▶ _Information shown_
"""

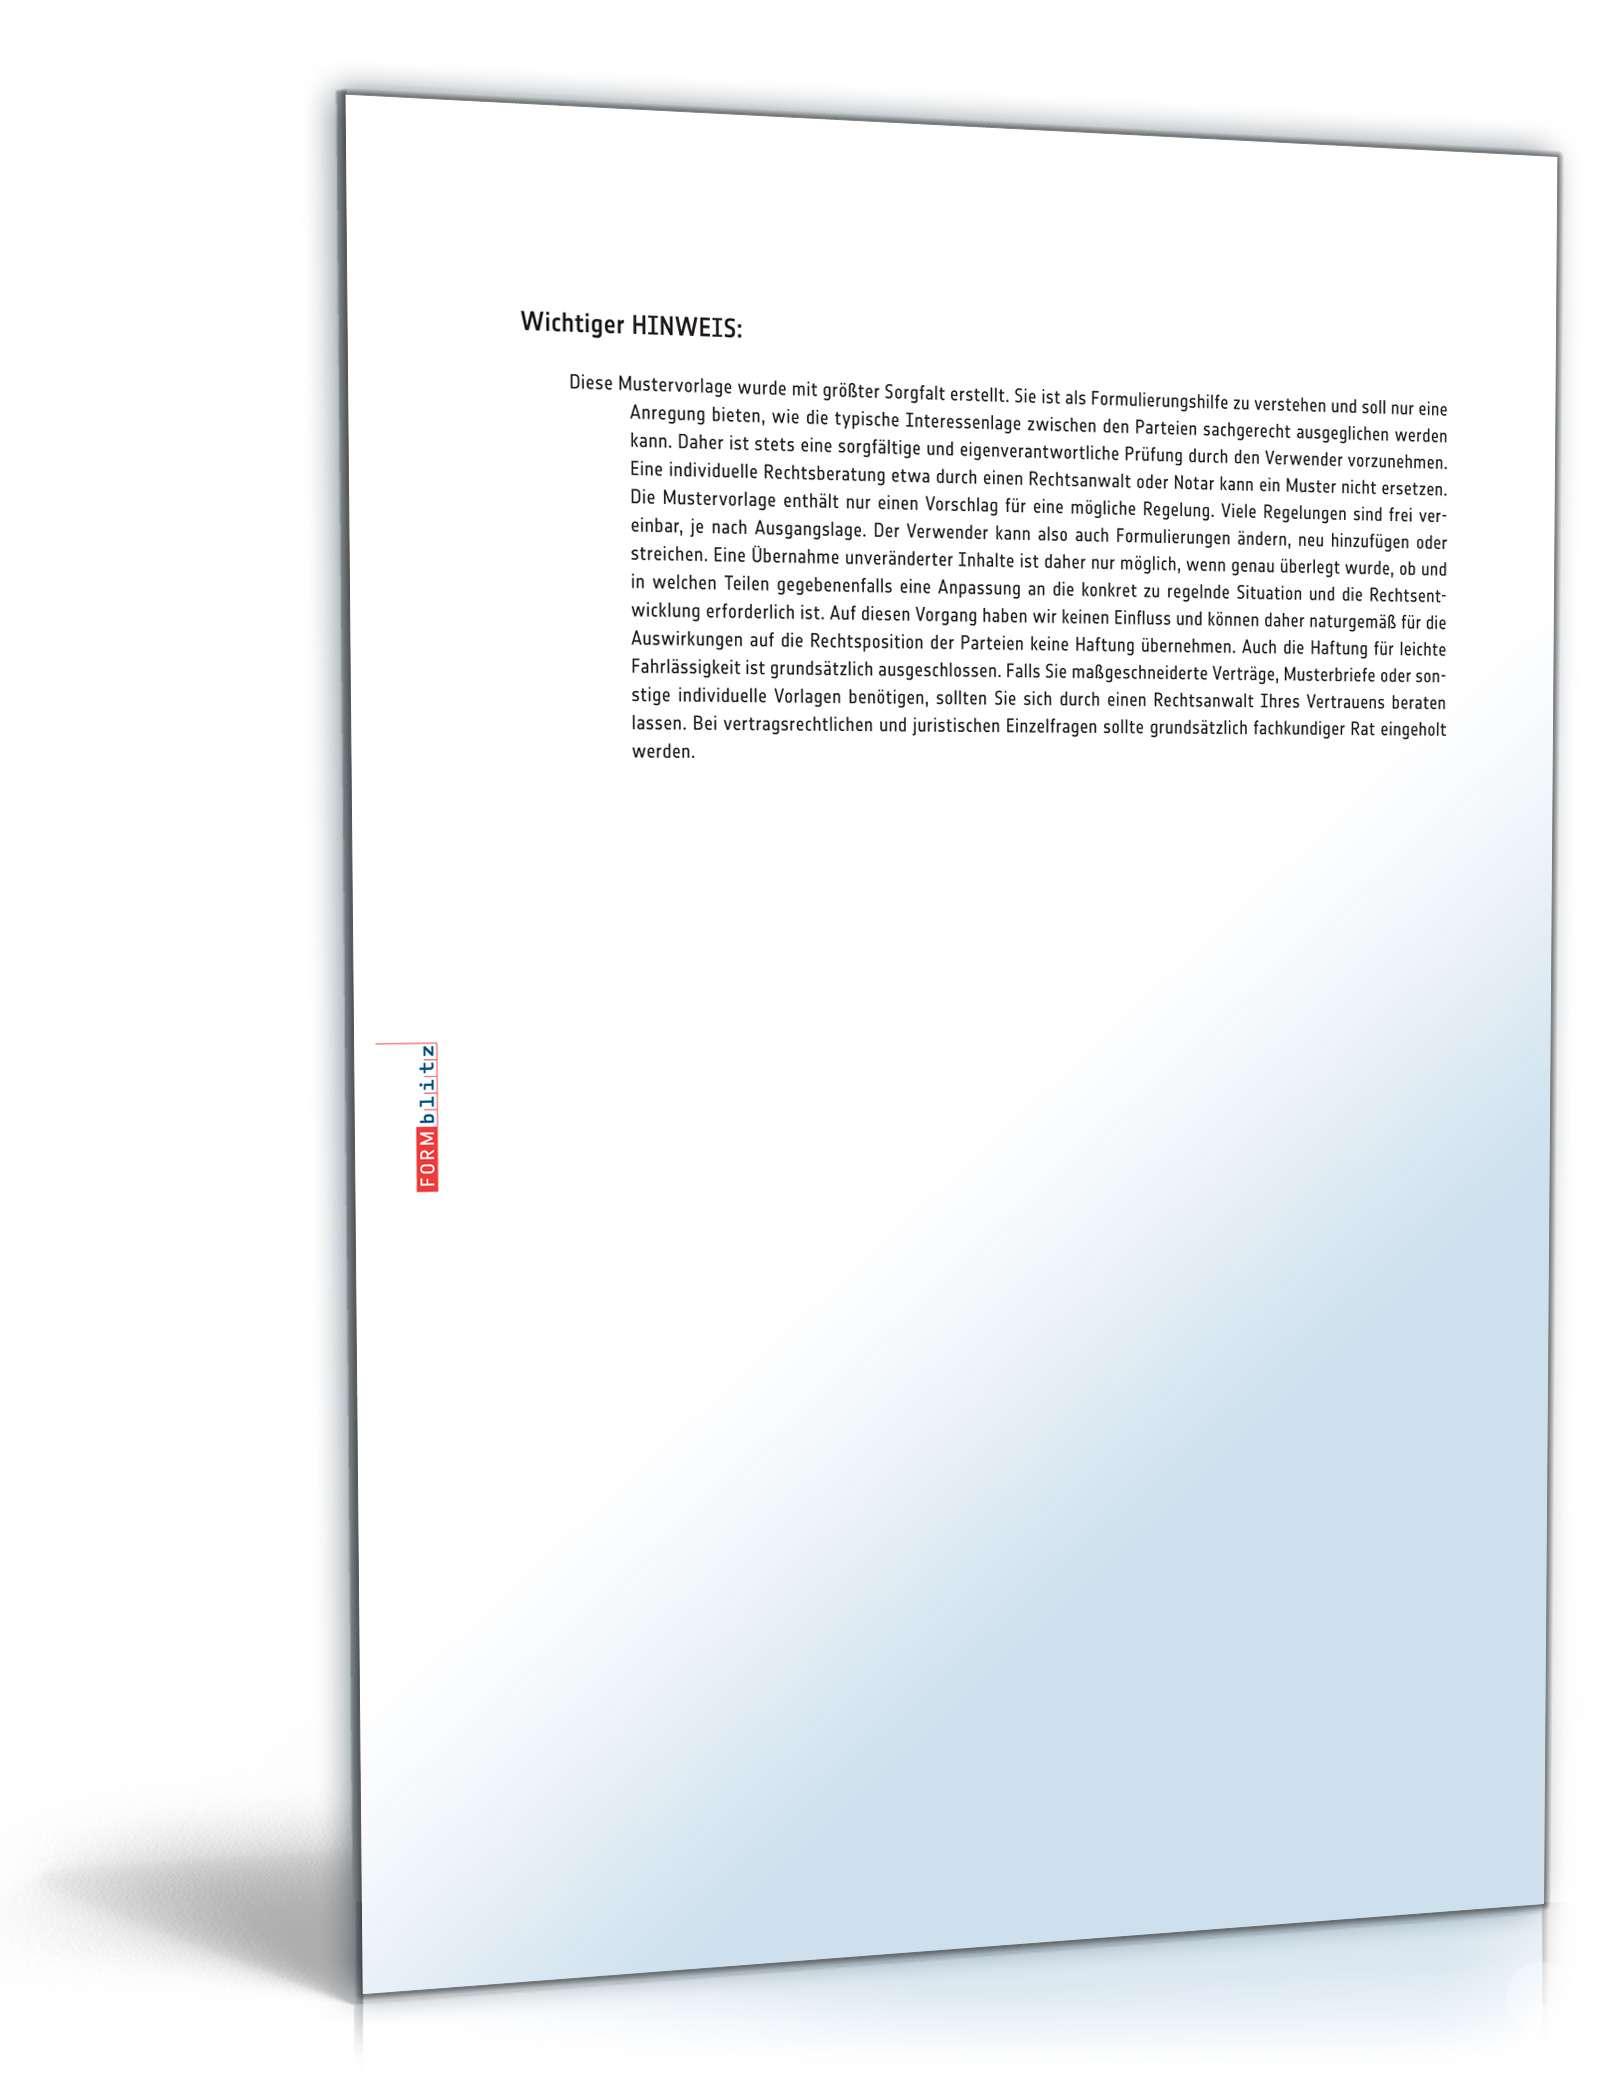 pdf seite 2 - Sepa Mandat Muster
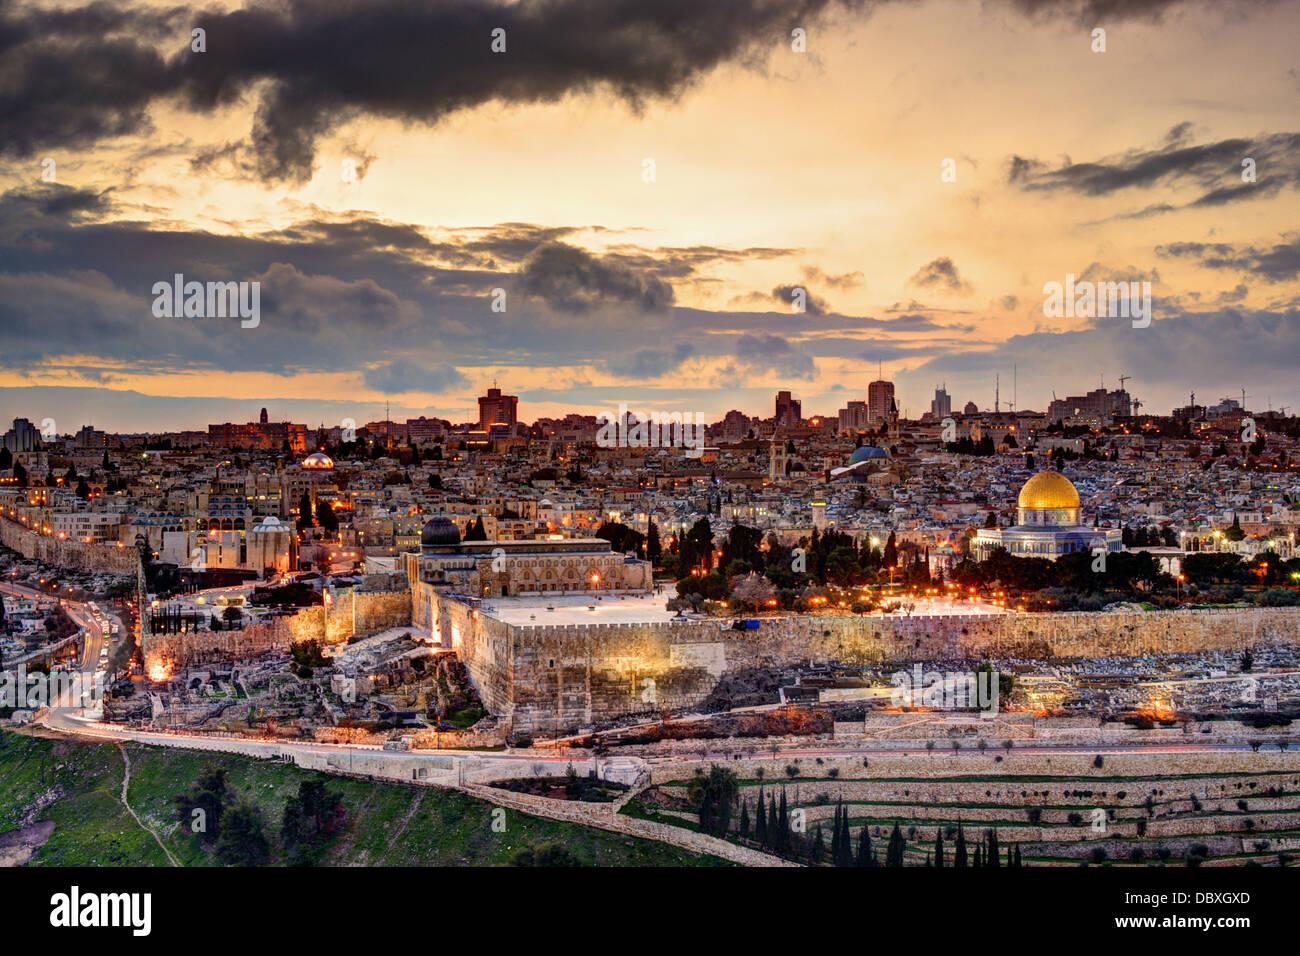 El horizonte de la Ciudad Vieja y el Monte del Templo en Jerusalén, Israel. Imagen De Stock
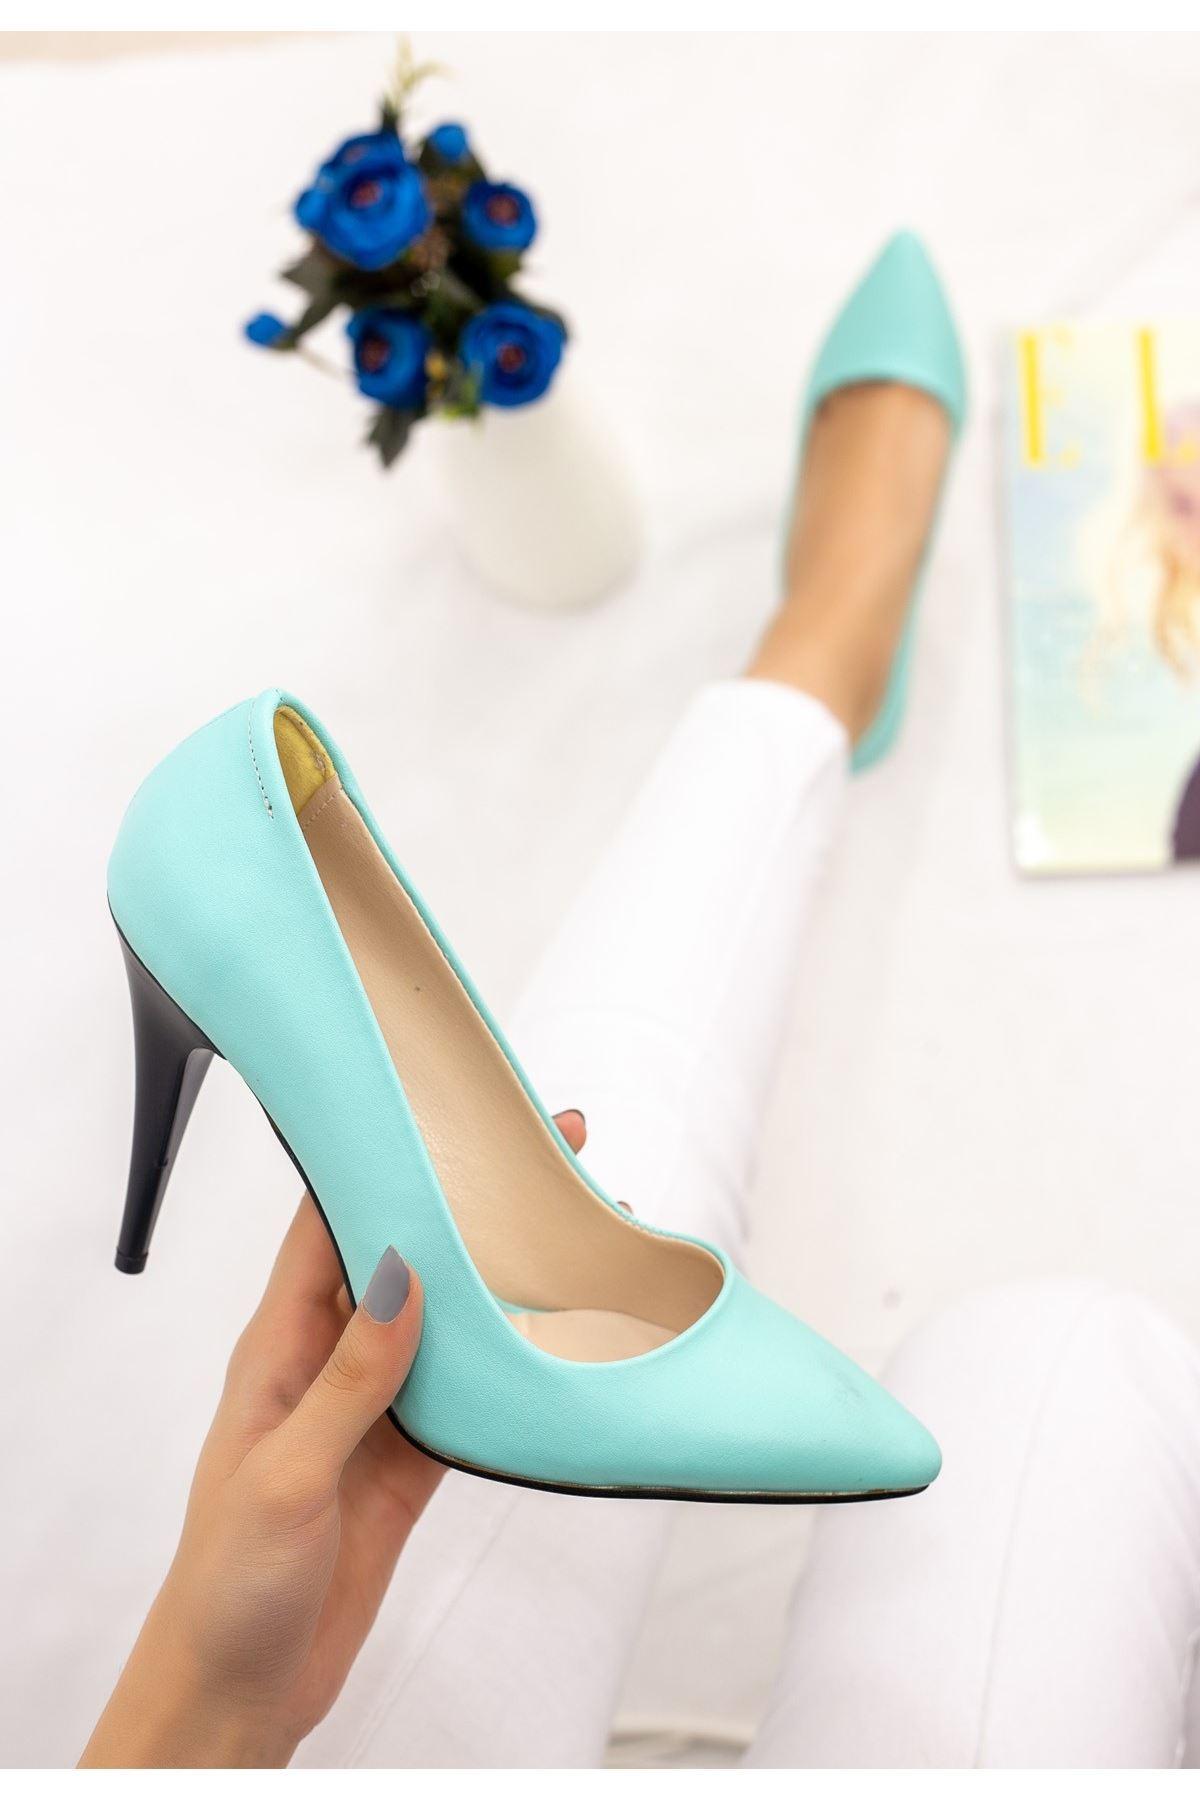 Revaxi Su Yeşili Cilt Desenli Stiletto Ayakkabı
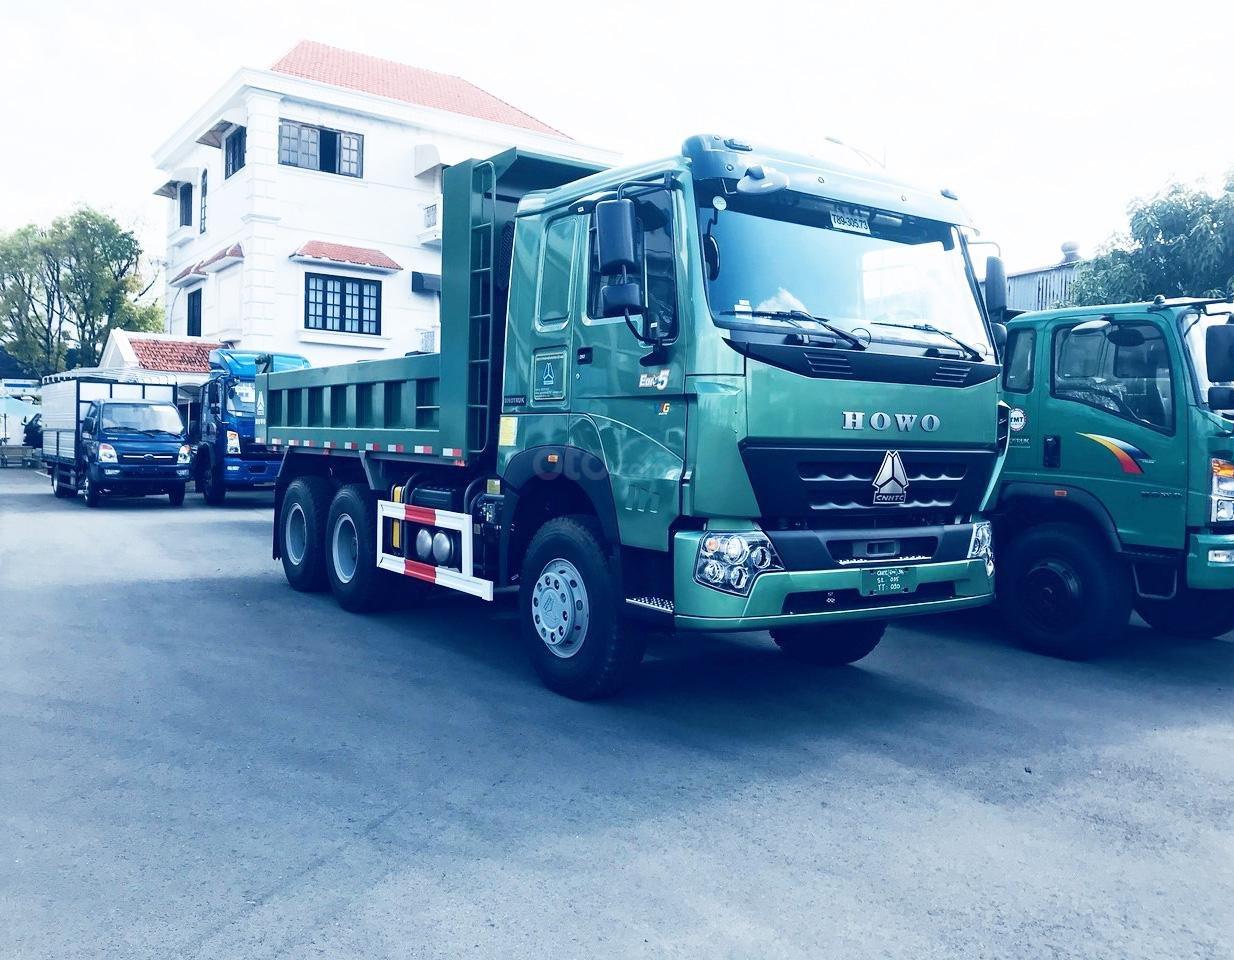 Bán xe tải Ben Howo 3 chân tải 11 tấn giá rẻ tại Hải Phòng và Quảng Ninh, Hải Dương (4)

"""

▶ _Exercise objective_
Omit pictures; set down the rest of the material word for word.

▶ _Exercise output_
 pdf seite 2 - Sepa Mandat Muster
 El horizonte de la Ciudad Vieja y el Monte del Templo en Jerusalén, Israel. Imagen De Stock
 Revaxi Su Yeşili Cilt Desenli Stiletto Ayakkabı
 Bán xe tải Ben Howo 3 chân tải 11 tấn giá rẻ tại Hải Phòng và Quảng Ninh, Hải Dương (4)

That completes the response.